BERLIN — The Washington-based United States Commission on International Religious Freedom (USCIRF) urged on Thursday that the Iranian regime allied Houthi authorities in Yemen comply with their March 25 public commitment to release Baha’i religious prisoner of conscience Hamid bin Haydara, along with 24 other detained Baha’is.
“Enough of the delays! The Houthis must implement their commitment to release and drop all charges against Hamid bin Haydara and 24 other detained Yemeni Baha’is,” said USCIRF Commissioner Johnnie Moore, who advocates for bin Haydara as part of USCIRF’s Religious Prisoners of Conscience Project.

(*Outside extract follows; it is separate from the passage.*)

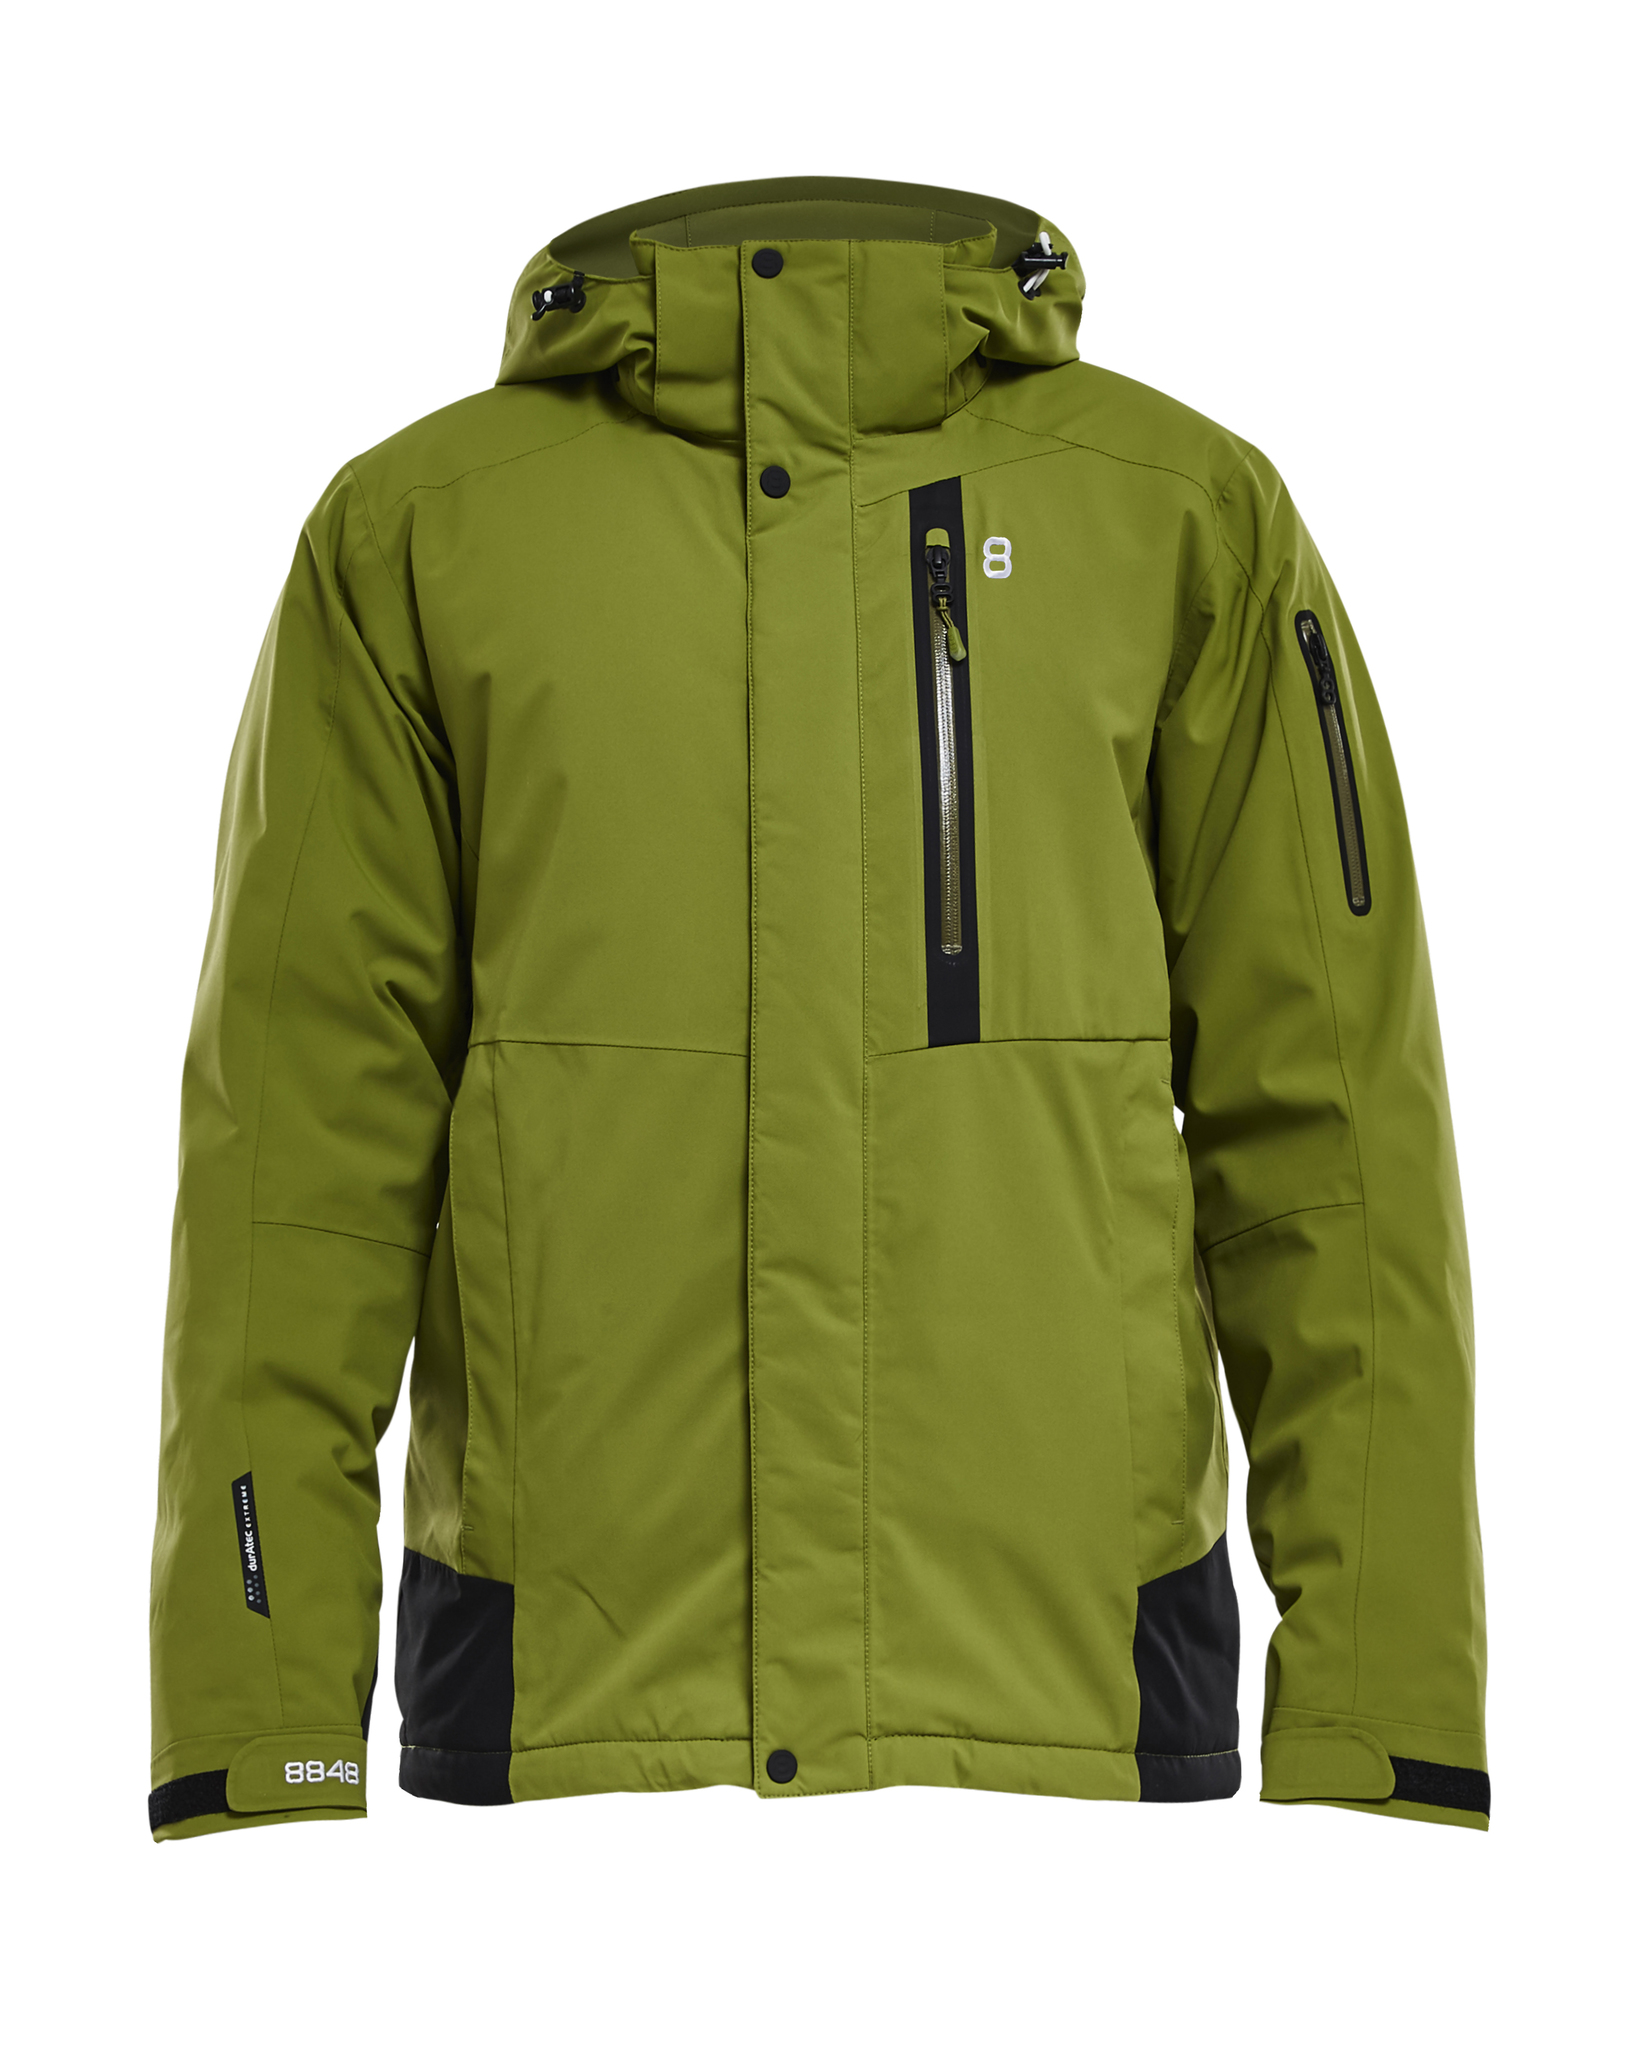 Мужская горнолыжная куртка 8848 Altitude купить в Интернет-магазине

“The Houthis were right to abandon their March 22 decision to impose a death sentence on Mr. bin Haydara and to dissolve Baha’i institutions in Yemen. But, this decision is meaningless if they do not act upon it. It is also time for all persecution of the Baha’is in Yemen to end, now,” he added.
USCIRF is an independent, bipartisan federal government entity established by the US Congress.
“The Houthi commitment to freedom for Mr. bin Haydara was made unequivocally, and it must be enacted without delay,” USCIRF Vice Chair Gayle Manchin said. “Mr. bin Haydara must now be released and returned to his family.”
USCIRF said in its statement that it is “concerned by reports suggesting that the Houthi First Specialized Criminal Court will only furlough the prisoners on the grounds of the “ongoing health situation’ rather than grant them a full and unconditional release.”
The Houthi movement arrested and detained bin Haydara in December 2013 and held him in prison without charges for more than a year.
A judge imposed the death sentence on bin Haydara in January 2, 2018 and issued an order to close Baha’i institutions. A Houthi appeals court affirmed the verdict on March 22, 2020.
Iran’s regime has engaged in massive persecution of the Baha’i community in the Islamic Republic of Iran. Tehran furnishes the Houthis with weapons.
USCIRF recommended the designation of the Houthi movement as an entity of particular concern in its 2019 Annual Report.
The Commission describes its work as “to monitor, analyze, and report on threats to religious freedom abroad. USCIRF makes foreign policy recommendations to the President, the Secretary of State, and Congress intended to deter religious persecution and promote freedom of religion.”